Montgomery made the motion to approve the project. 

Howorth said that when Napolitano based his opposition on the studies underlying AB 2011 back in October, she thought it was a clever approach and hoped that might be a plausible route to legally oppose the project. 

“But the letters in the state indicate that that reasoning is not defensible,” she said. “So because of that decision to deny the project… It’s not a threat of action by the state, so it’s no longer a theoretical question. We now have three lawsuits challenging the city’s denial that have been filed, and the city’s Housing Element is under review by the state. So I I can’t in good conscious make a decision… that exposes the city to a protracted and wildly expensive legal fight. We will not win it, and I can’t give a state a reason not to approve our housing element because that’s going to take away our ability to enforce our own zoning, so it isn’t local control. All bets are off that. So I’m holding my nose, because I’m following the law, and I feel that I am preventing an even worse fate for this city.” 

Lesser said he did not like the project but saw no way to effectivey oppose it. 
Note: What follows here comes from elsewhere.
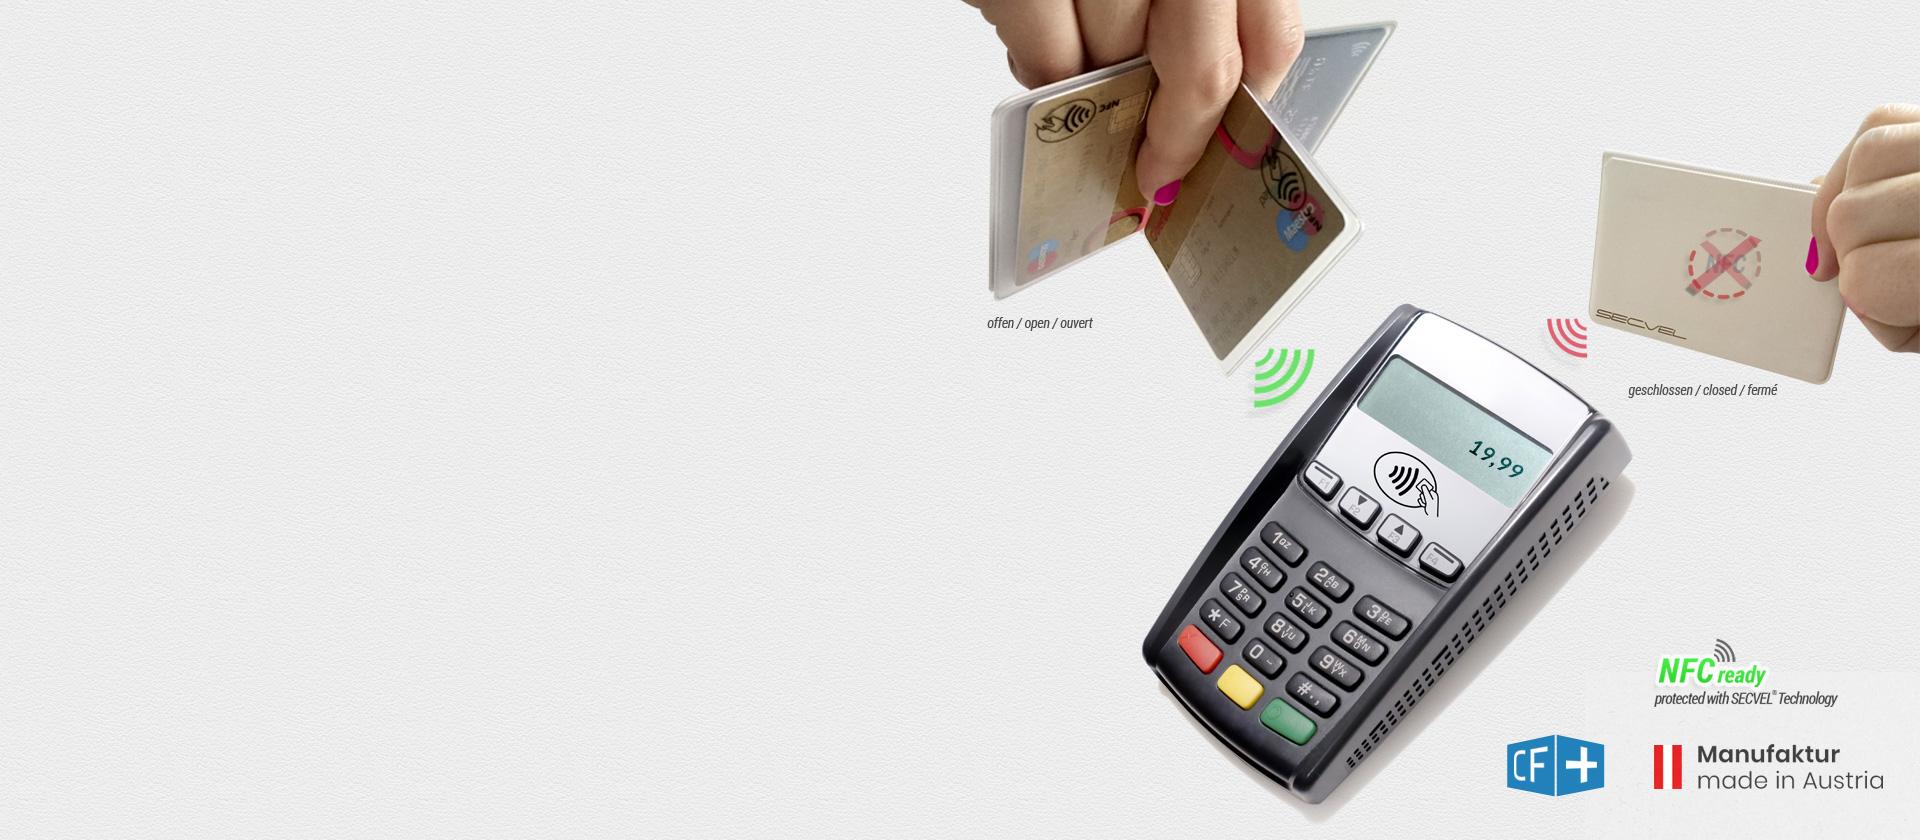 Kartenschutztasche CF+

“The challenge is separating we would like the law to be from what it is in fact,” he said. “The state has dislodged local jurisdictions like us from the ability to entitle projects just like this. You’ve heard we do not have discretion on this project…They have weaponized the state law such that there is huge liability and new equitable remedies not just to developers, but to third party organizations that can bring their own suits and get legal fees for their lawyers to boot. There’s also an attorney general strike force that’s looking for cases like this and then similar ones has injected itself into the action and forced cities to move forward.” 

“Under the circumstances, under the state law, I see no other choice other than to support this project for the benefit of our community and its residents, because of this significant liability that we face if we don’t.” 

Napolitano said in his previous denial he didn’t cite specific studies showing adverse impacts of living near a refinery because he didn’t think this was in dispute. 

“A 2020 study by the National Library of Medicine shows statistically significant increased risk of all types of cancer for those living close to an oil refinery,” he said. “A 2022 Yale study said there’s an increased risk of stroke for folks who live close to a quote in close proximity to a refinery. There have been statements made by the National Hispanic Medical Association. The University of Texas did a recent study and found a clear connection between the distance people live from refinery and the increased rate of all cancer types. Going back to 2005, the California Air Resources Board resources air quality board said in their land use handbook they recommended avoiding siting near refineries and longterm residential is a sensitive use. So there is plenty to consider.” 

Napolitano also argued that the very fact that the project was allowed, under state law, to be appealed, meant that the council had the power to reject it. 

“That in itself is discretion,” he said. “Decisions can be made. And I understand that folks think their hands are tied and again, I while I disagree with that conclusion, I respect the fact that you have [made that decision], and for the reasons that you have.” 

“There is no perfect decision that is going to be made here,” the mayor said. “Everybody is voting for what they feel is best for the community.”